Despite the province’s challenging fiscal situation, Sousa said the ambitious initiative is proceeding because it makes sound business sense.
“It’s absolutely going ahead. This is the sort of investments that we want to make in our infrastructure and in our economy,” he told reporters, noting there would be a “payback” because the project would increase the value of nearby land owned by the province.
If the Games were not being held here, the minister said developing the 32-hectare site — something promised since the 1980s — would not have taken place for at least another five to 10 years.
Ian Troop, chief executive officer of TO2015, said the 41-nation Games would be the “catalyst” for a “redevelopment that will be the envy of the world.”

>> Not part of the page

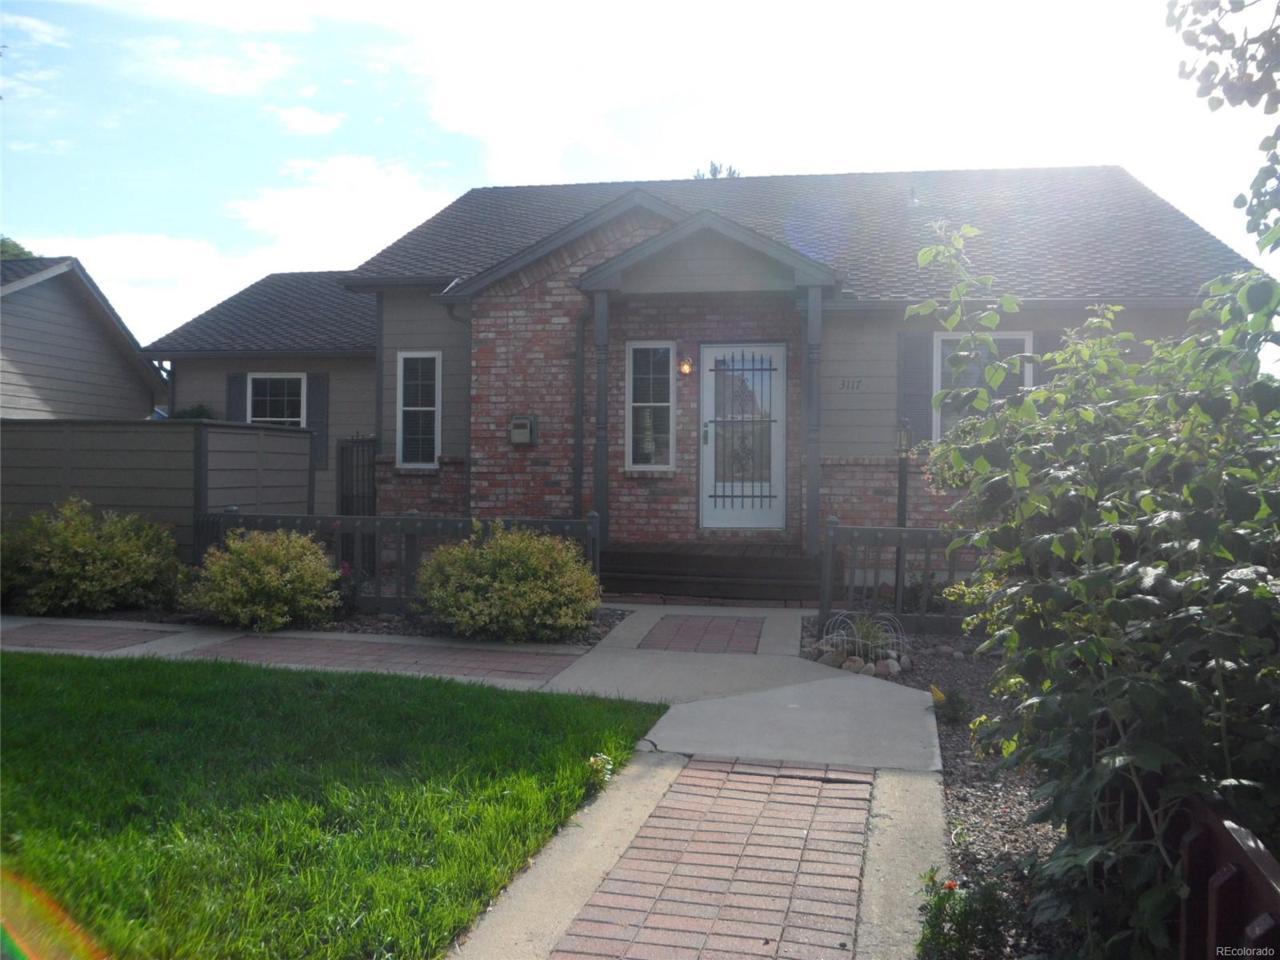 3117 Almeria Way, Longmont, CO 80503 (MLS #5587891) :: 8z Real Estate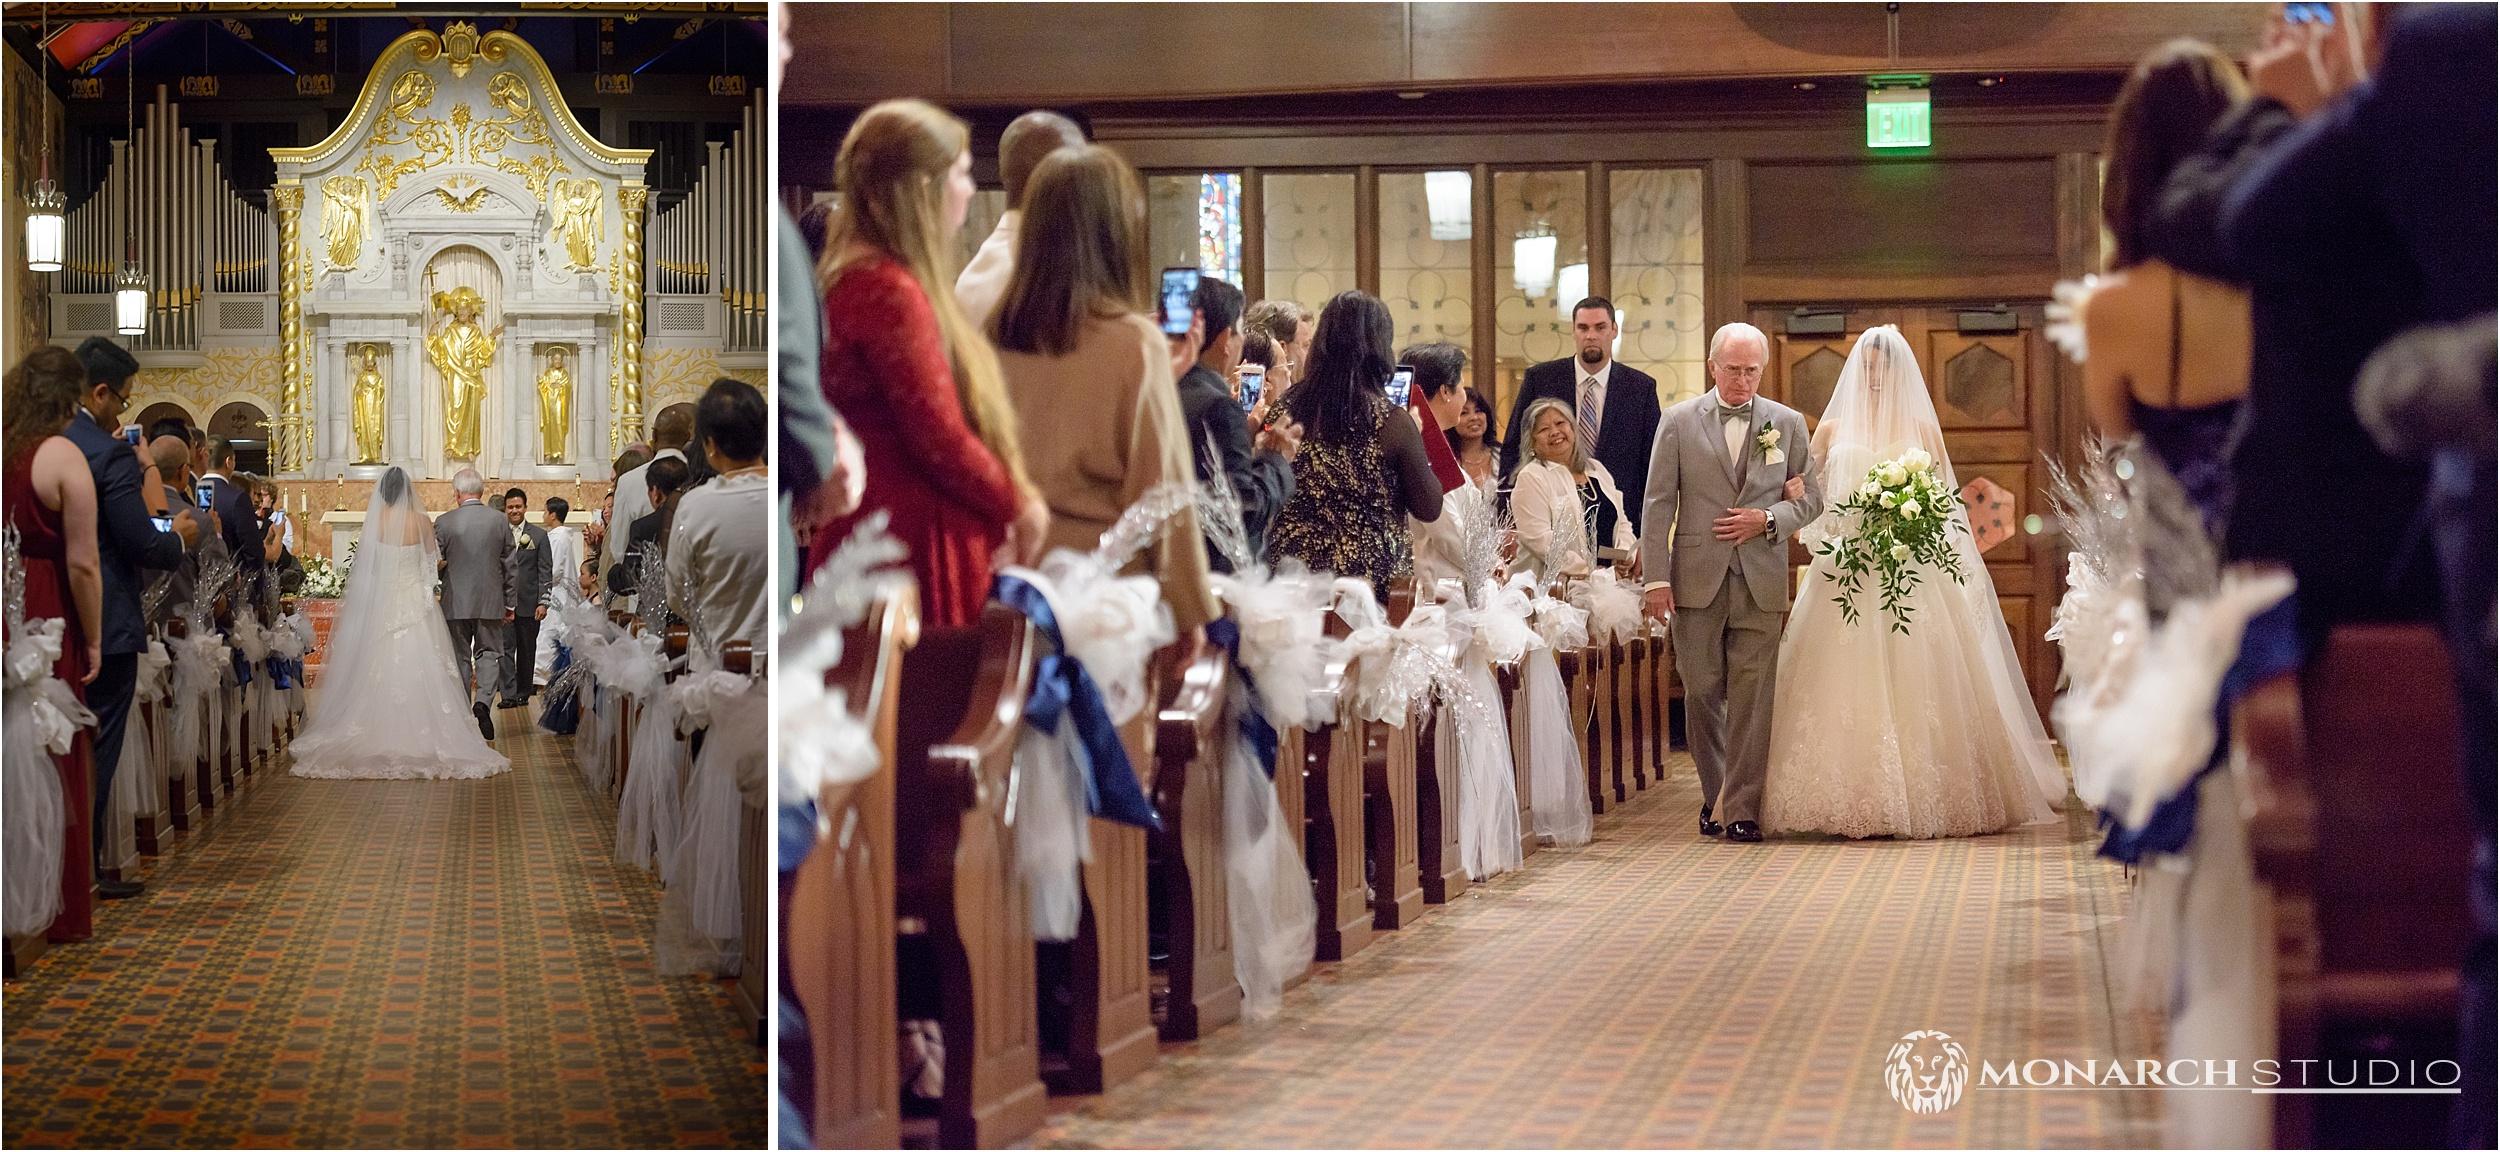 wedding-photographer-in-st-augustine-florida-treasury-035.jpg

The $514 million athlete’s village, being developed by Dundee Kilmer, is the most expensive component of an event slated to cost $1.4 billion, with money from Ottawa, Queen’s Park and city hall.
Progressive Conservative Leader Tim Hudak said he’s “very worried” the Liberals, already scrambling to pay down a $16 billion deficit and threatening cuts this year, will not deliver the Games on budget.
NDP MPP Paul Miller (Hamilton East-Stoney Creek) urged the government to “open the books to the public to prove what they are saying is true” about the event’s finances, which he complained haven’t been updated since 2009.